🤖 AI Summary
This work addresses abstract visual compositional generation—where object identity is determined solely by the spatial configuration of a few geometric primitives (e.g., parts, symmetries, topology), invariant to texture and fine details. The task suffers from combinatorial explosion, severe data scarcity, and discrete feasibility constraints (e.g., non-overlap, orientation validity), yielding a sparse solution space that pixel-level generative models struggle to capture. To overcome this, we propose a geometry-semantic co-guided constrained generation framework that innovatively integrates AlphaGo-style search with fine-tuned vision-language models (VLMs).
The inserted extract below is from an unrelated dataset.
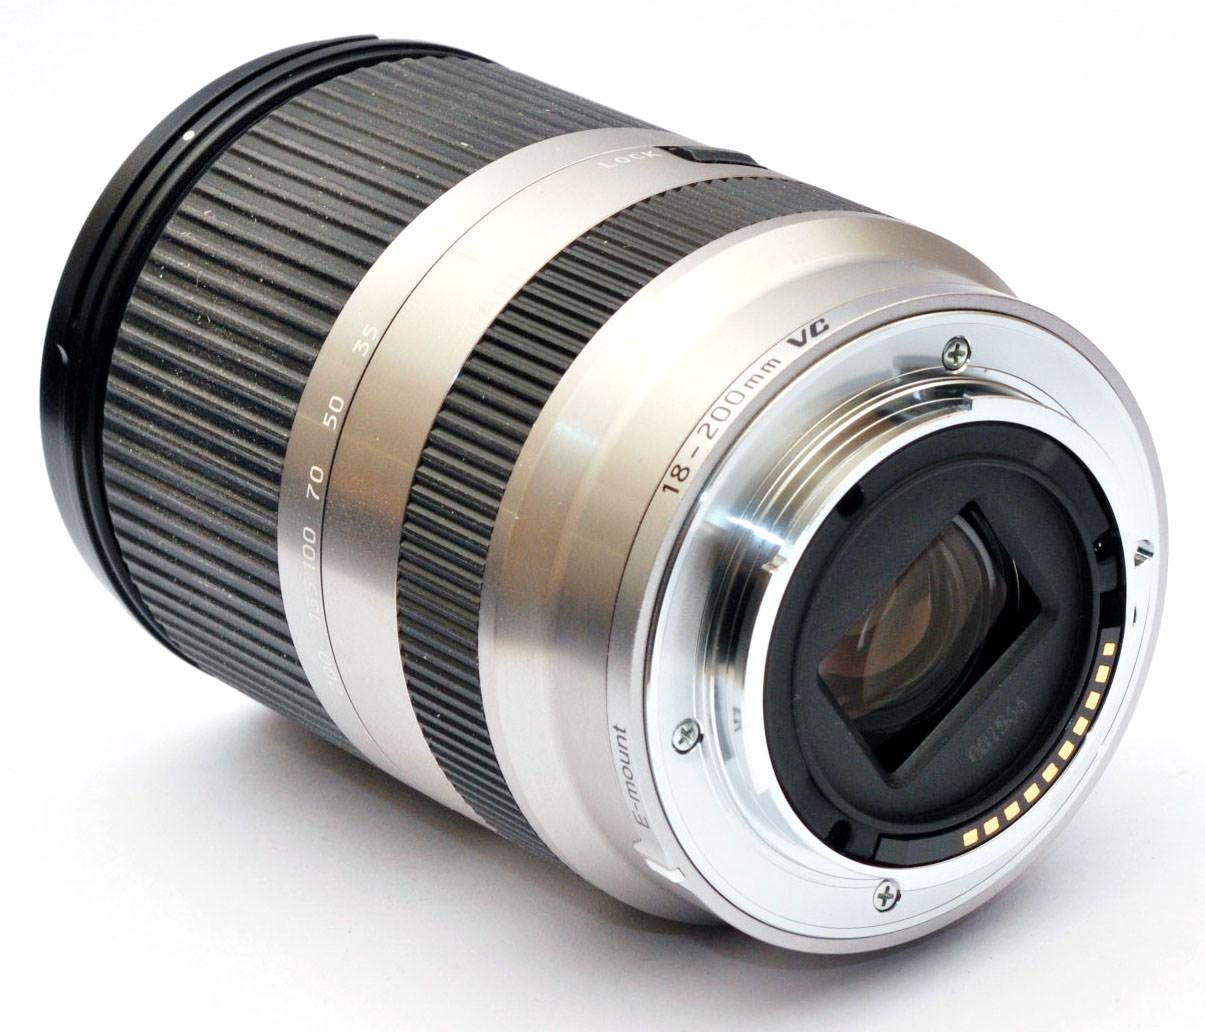 Tamron 18 200mm F 3 5 6 3 Di Iii Vc Nex Lens Review Ephotozine

Specifically, Gumbel Monte-Carlo Tree Search (MCTS) serves as the policy engine, jointly optimizing constraint reasoning, neural semantic scoring, and adversarial reward learning in an end-to-end manner. Evaluated on Tangram Assembly, our method significantly outperforms diffusion and autoregressive baselines, achieving superior structural validity and semantic fidelity—especially under stringent geometric constraints.
📝 Abstract
We study abstract visual composition, in which identity is primarily determined by the spatial configuration and relations among a small set of geometric primitives (e.g., parts, symmetry, topology). They are invariant primarily to texture and photorealistic detail. Composing such structures from fixed components under geometric constraints and vague goal specification (such as text) is non-trivial due to combinatorial placement choices, limited data, and discrete feasibility (overlap-free, allowable orientations), which create a sparse solution manifold ill-suited to purely statistical pixel-space generators. We propose a constraint-guided framework that combines explicit geometric reasoning with neural semantics. An AlphaGo-style search enforces feasibility, while a fine-tuned vision-language model scores semantic alignment as reward signals. Our algorithm uses a policy network as a heuristic in Monte-Carlo Tree Search and fine-tunes the network via search-generated plans. Inspired by the Generative Adversarial Network, we use the generated instances for adversarial reward refinement. Over time, the generation should approach the actual data more closely when the reward model cannot distinguish between generated instances and ground-truth. In the Tangram Assembly task, our approach yields higher validity and semantic fidelity than diffusion and auto-regressive baselines, especially as constraints tighten.